The extraction challenge has several layers. Stated preferences are easy - the user tells you what they want. Revealed preferences are harder but more valuable - what does the user's behavior tell you about how they work? A user who consistently reformats your tables into a specific structure is telling you something. A user who always asks for a follow-up chart after a screening query is telling you something. A user who checks your math every time is telling you something about the level of rigor they expect.
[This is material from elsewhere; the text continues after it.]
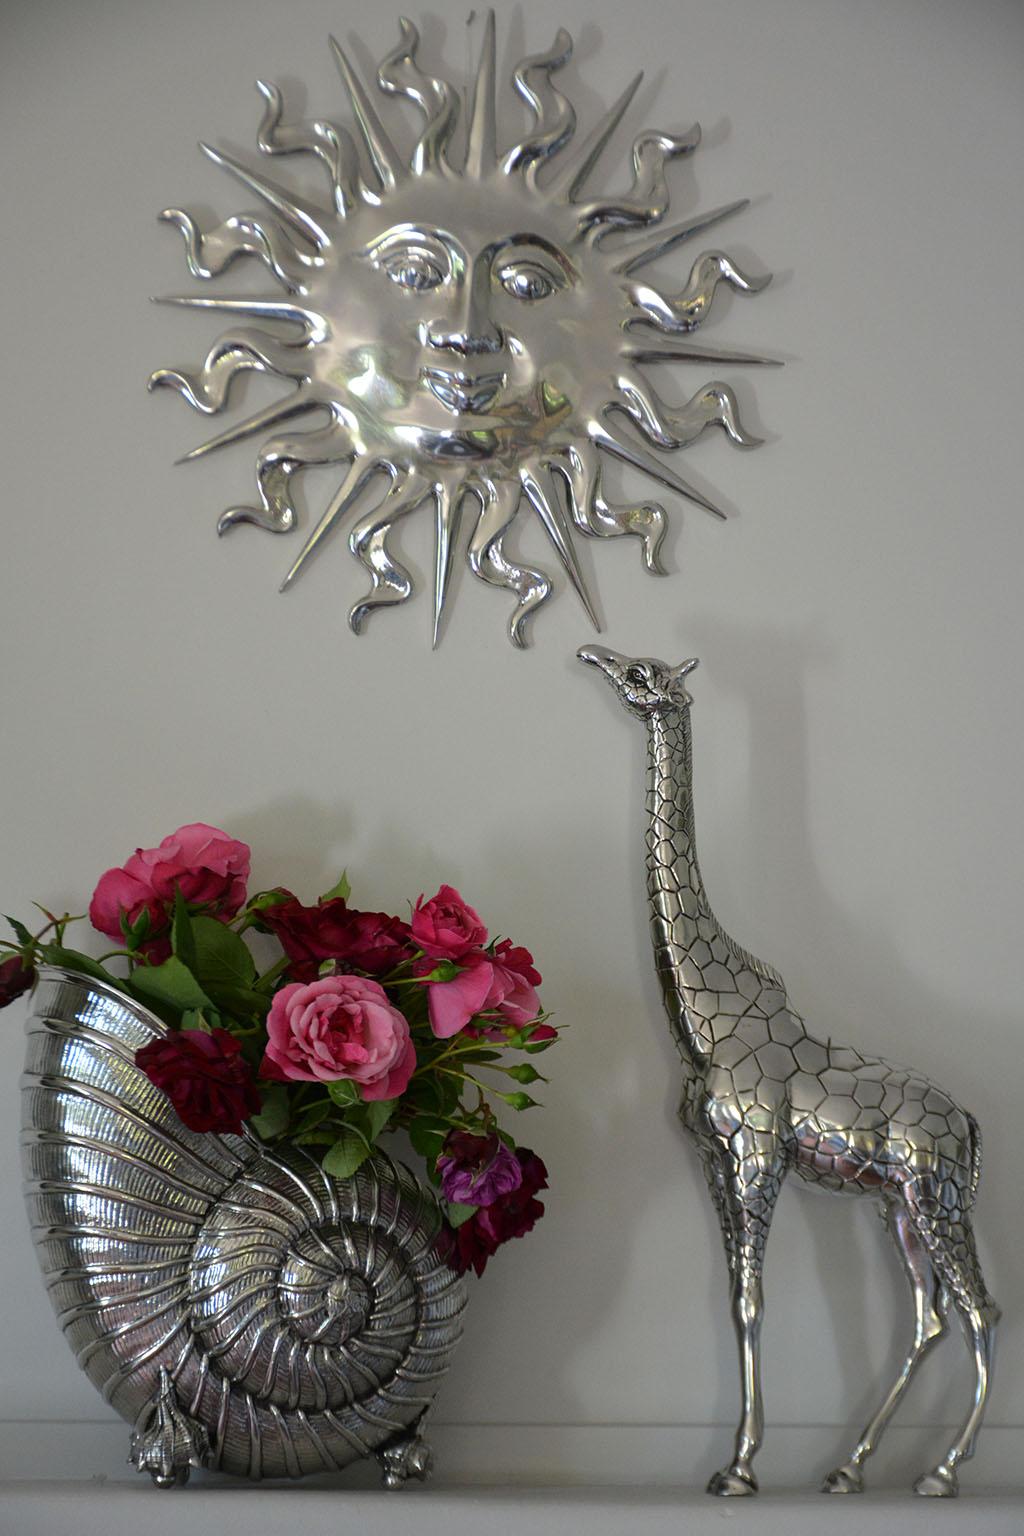 cadeau objets étain girafe soleil vase seau champagne coquille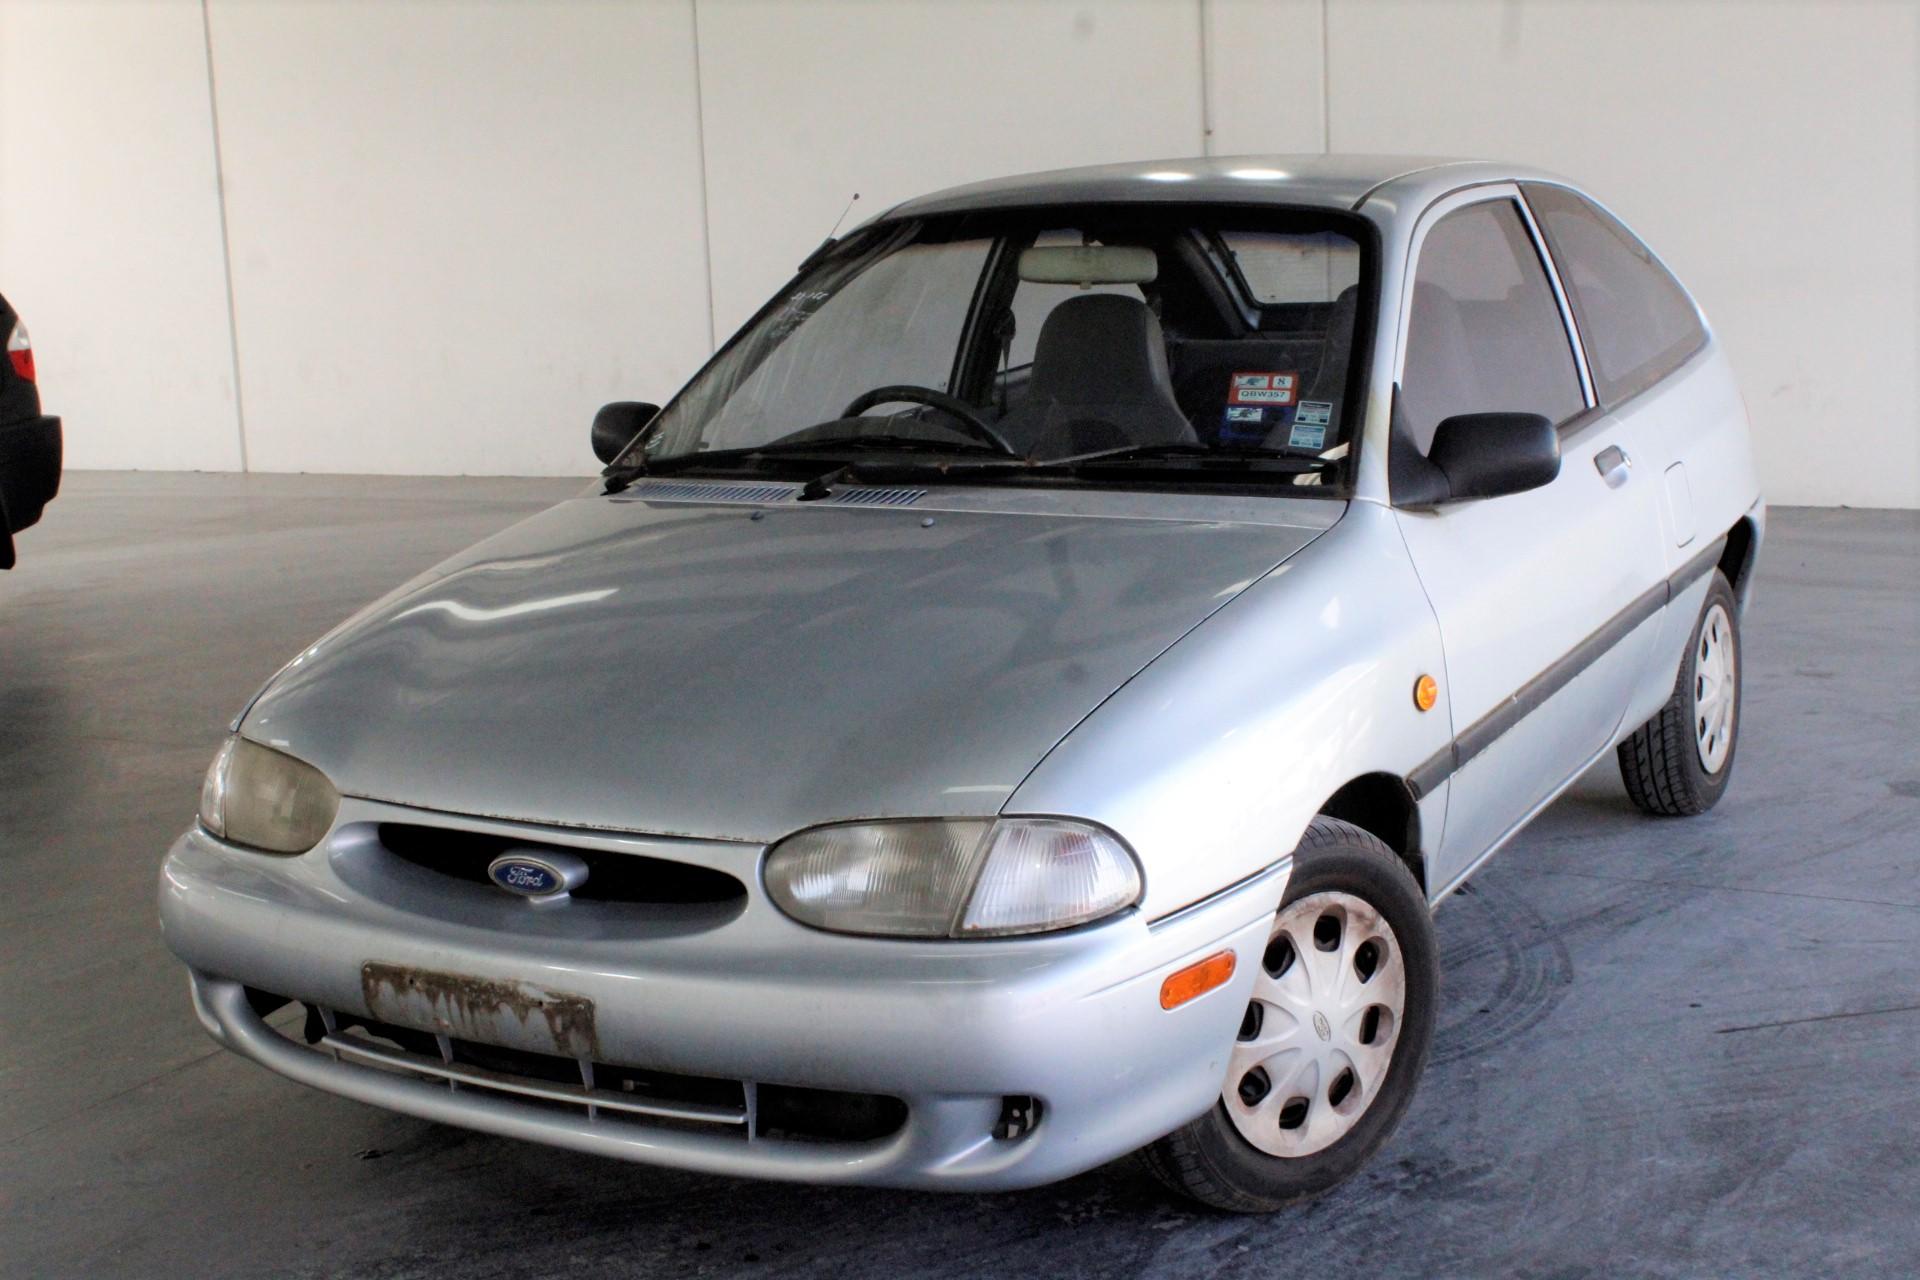 1999 Ford Festiva TRIO S WF Automatic Hatchback

And then there are implied assumptions - the things a user never specifies because they consider them obvious. These are the silent failures. The LatAm trader doesn't say "local currency" because in their world, that's the default. When the system returns hard currency data, it feels broken. But the user never explicitly stated the preference, because to them it wasn't a preference - it was just how things work.
Representation: How to Store It
Even if you capture the right signals, a flat list doesn't give you the structure to use them. A user model needs hierarchy - methodological preferences matter more than formatting preferences. It needs relationships like "works in LatAm FX" connects to "default to local currency." And it needs synthesis: don't store fifteen individual corrections, recognize the pattern they reveal.
There's also the temporal dimension, because preferences are not static. A user might shift focus from Chilean rates to Brazilian equities. A methodology preference might evolve as they learn something new. The system needs some concept of decay - recent signals weighted more heavily than older ones - without losing foundational preferences that hold steady over time. In practice, this looks something like exponential decay: recent interactions are preserved in full, while older context gets progressively compacted. But what survives the compaction and what gets lost is a design decision with real consequences.
Knowing When a Preference Has Changed
Related but distinct: how do you know when a correction is updating a preference versus being a one-off exception? If a user who always wants Monte Carlo says "just do a simple linear projection this time," is that a new preference or a shortcut for this specific query? The system needs to distinguish between "I've changed my mind about how I work" and "this particular case is different." Humans do this effortlessly through context. Systems need to be taught.
The Art of It
I think people underestimate how much of this is art rather than science. The engineering community wants clean abstractions - extract preferences, store them in a schema, apply them deterministically. And the infrastructure matters. But the difference between a system that feels magical and one that feels frustrating often comes down to judgment calls that resist formalization.
When do you lean on the user model and when do you set it aside? How aggressively do you compact old context? How do you weigh a correction - is it a preference update or an exception? How do you handle the user who's an expert in one domain and a novice in another within the same conversation?
These are design problems that require taste, iteration, and a willingness to be wrong.
We've gotten some of them right. We're still working on others. The honest state of things is: we've built the infrastructure for per-tool memory and context management, we've proven the extraction works, and we've done significant R&D on using past traces to improve current execution. The closed loop where every interaction automatically refines the user model, which automatically improves the next interaction, is what we're building toward.
What gives me confidence is that the underlying thesis keeps validating. Every time we show a user their extracted profile, the reaction is the same: "Yes. This is exactly how I work. Why doesn't the system already know this?"
The second conversation should be better than the first. We're getting there.